There is absolutely nothing that will support your assertion.
Well, it's part of what I do for a living, so I'll keep my own counsel.
If you were to tell me that it only takes 7 seconds to reach the Sun; I do not need to provide you with the countervailing theory to say you are wrong.
Straw man. Actual investigation points are never so cut and dried, and "impossible" in conspiracy theories is almost always merely "doesn't meet my expectation." And those expectations are typically naive, misinformed, or overly assumptive.
If I told you I reached the Sun in 7 seconds, you might be tempted to tell me that what I claimed to have done is impossible. But then you'd be assuming that I started from Earth. If, in fact, I started only a short distance away from it, then I can still be right. The art of investigation involves exactly paring away those hidden assumptions.
The same holds true for putting together "coincidences". A casual chain is not what I provided, I did not suggest that every observance is a contributing factor...
You asked us to explain an observation.
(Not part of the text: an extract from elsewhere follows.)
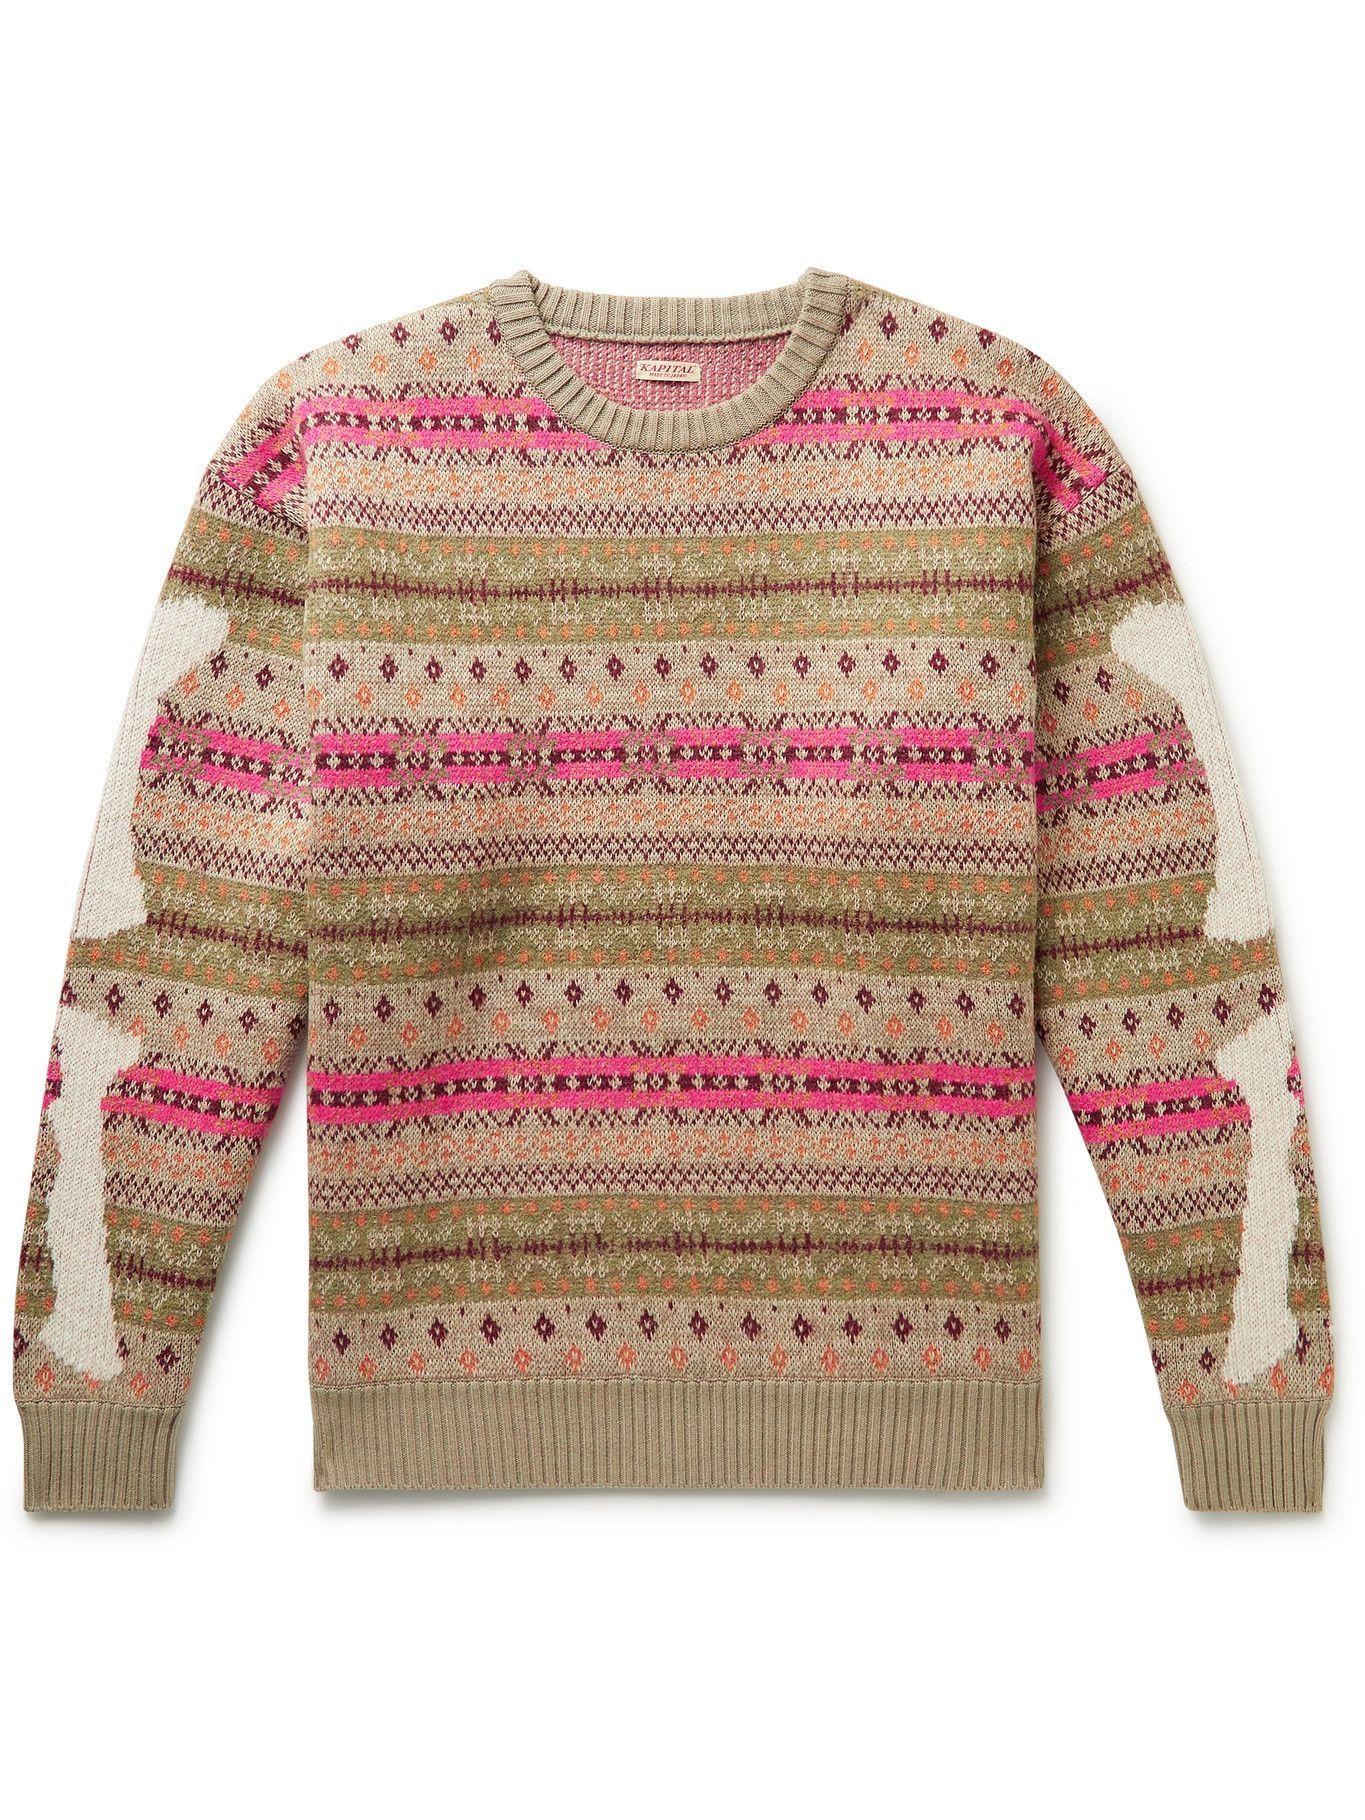 Photo: KAPITAL - Intarsia Fair Isle Wool-Blend Sweater - Neutrals
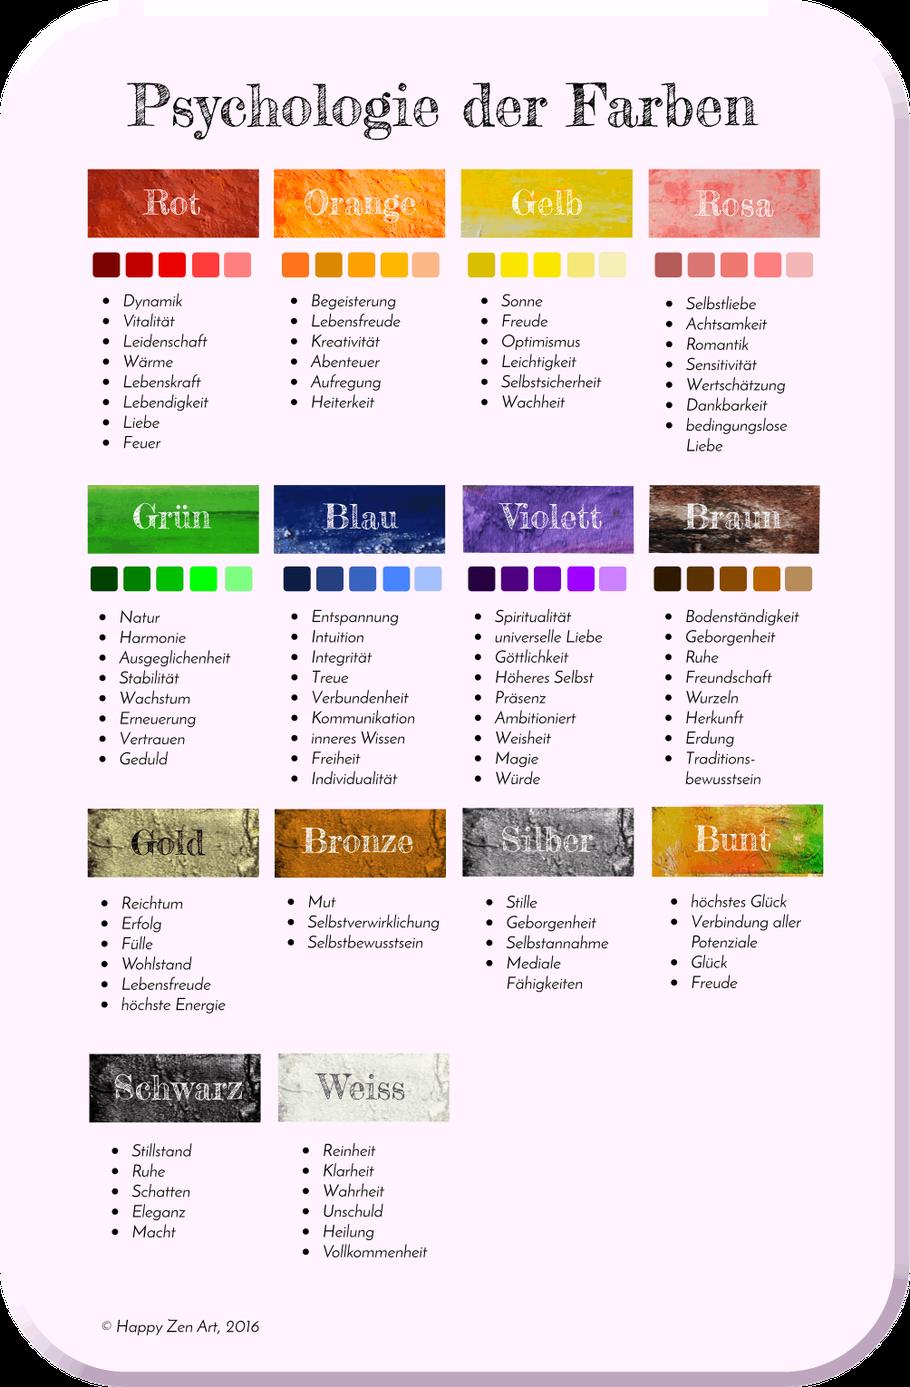 psychologie der farben happy zen art farbpsychologie farbwirkung farbtabelle training. Black Bedroom Furniture Sets. Home Design Ideas

You wrongly implied that the observation had to be explained by the prevailing theory of Kennedy's assassination, in a way that connected them. And if it couldn't, then that bit of evidence made the prevailing theory untenable. That's not how real investigations work. But if you want to spin a conspiracy theory that involves your proffered observation as well as a conspiracy to kill Kennedy, that theory still has to explain
more of the pertinent observations than the prevailing theory in order to be preferred over it. It may do a better job of explaining that one point, but only at the expense of all the rest.
Parsimony is the concept you're missing. Telling a conspiracy theory that explains only the proffered observation plus a few more doesn't result in a parsimonious theory. It leaves too many other ends untied and is overall a worse theory.
my example does require a logical explanation...
Your attempt to connect it to the Kennedy assassination is purely conjectural. That's exactly my point. You find one isolated observation, and feel the need to incorporate it into some overall historical theory that explains everything. Not necessary: there are several causal chains at work at any given time in any domain of evidence. It is not necessary that they all be interrelated.
...as it is outside the standard deviation of put options for the aerospace industry.
No, it isn't. I'm an engineer. I currently work in the aerospace industry, and part of my duties include forensic investigation of incidents.